From early times in the development of the Af-x approach to emotional balance and wellness, practitioners have well-understood the role of the collective social "fact" in health and problems such as depression.  Understanding and acknowledging the incredible influence that contemporary (health) mythology has over our emotional and mental states, has made of Af-x an approach that focuses specifically on the territory of the subconscious and our tendencies to unconsciously avoid responsibility in the business of our own caretaking.  Living our everyday lives, we do not realise the mechanisms of inherent unconscious tendencies to avoid change --even positive change.  We tend not to understand that we can subconsciously sabotage apparent paths to emotional wellness and balance.  Perhaps we will never fully understand those unconscious aspects of the complexity of what makes us human.  But what we do understand, and what the Af-x style of emotion coaching works to negate, is that many of the so-called well-regarded myths that are perpetuated about depression leave huge holes in our subconscious landscape into which we can too easily fall and disappear.

It's a literal matter of fact; you have more power over your experience than you think you do.

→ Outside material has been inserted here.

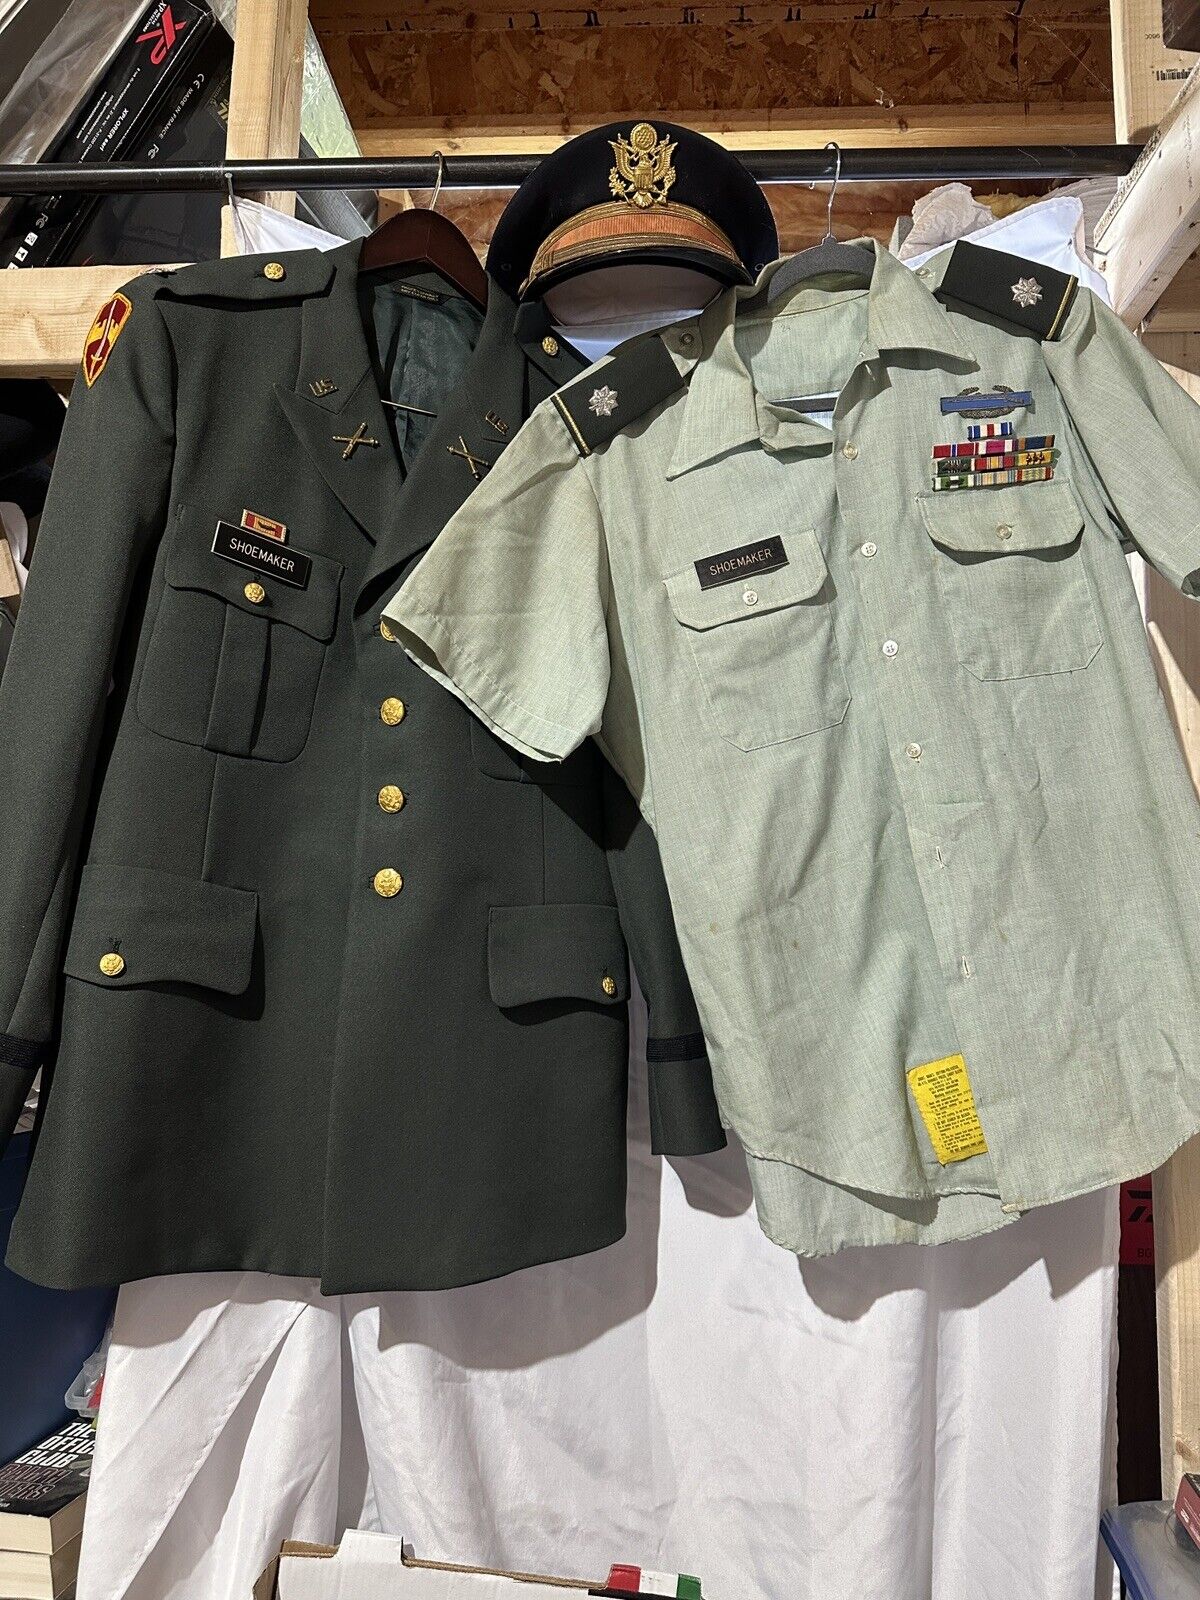 Vietnam War Era US Army Officer's Class A Uniform Jacket, Shirt & Hat NAMED

  1. The Antidepressant Fact Book --what your doctor won't tell you about antidepressants by Peter Breggin M.D., Perseus Publishing, 2001.
  2. Emotional Contagion --studies in emotion & social interaction by Hatfield, Cacioppo & Rapson, Cambrideg University Press, 1994.
  3. Rethinking Psychiatric Drugs --a guide for informed consent by Grace Jackson M.D., AuthorHouse, 2005.
  4. The Truth About the Drug Companies --how they deceive us and what to do about it by Marcia Angell, M.D., Random House, 2004.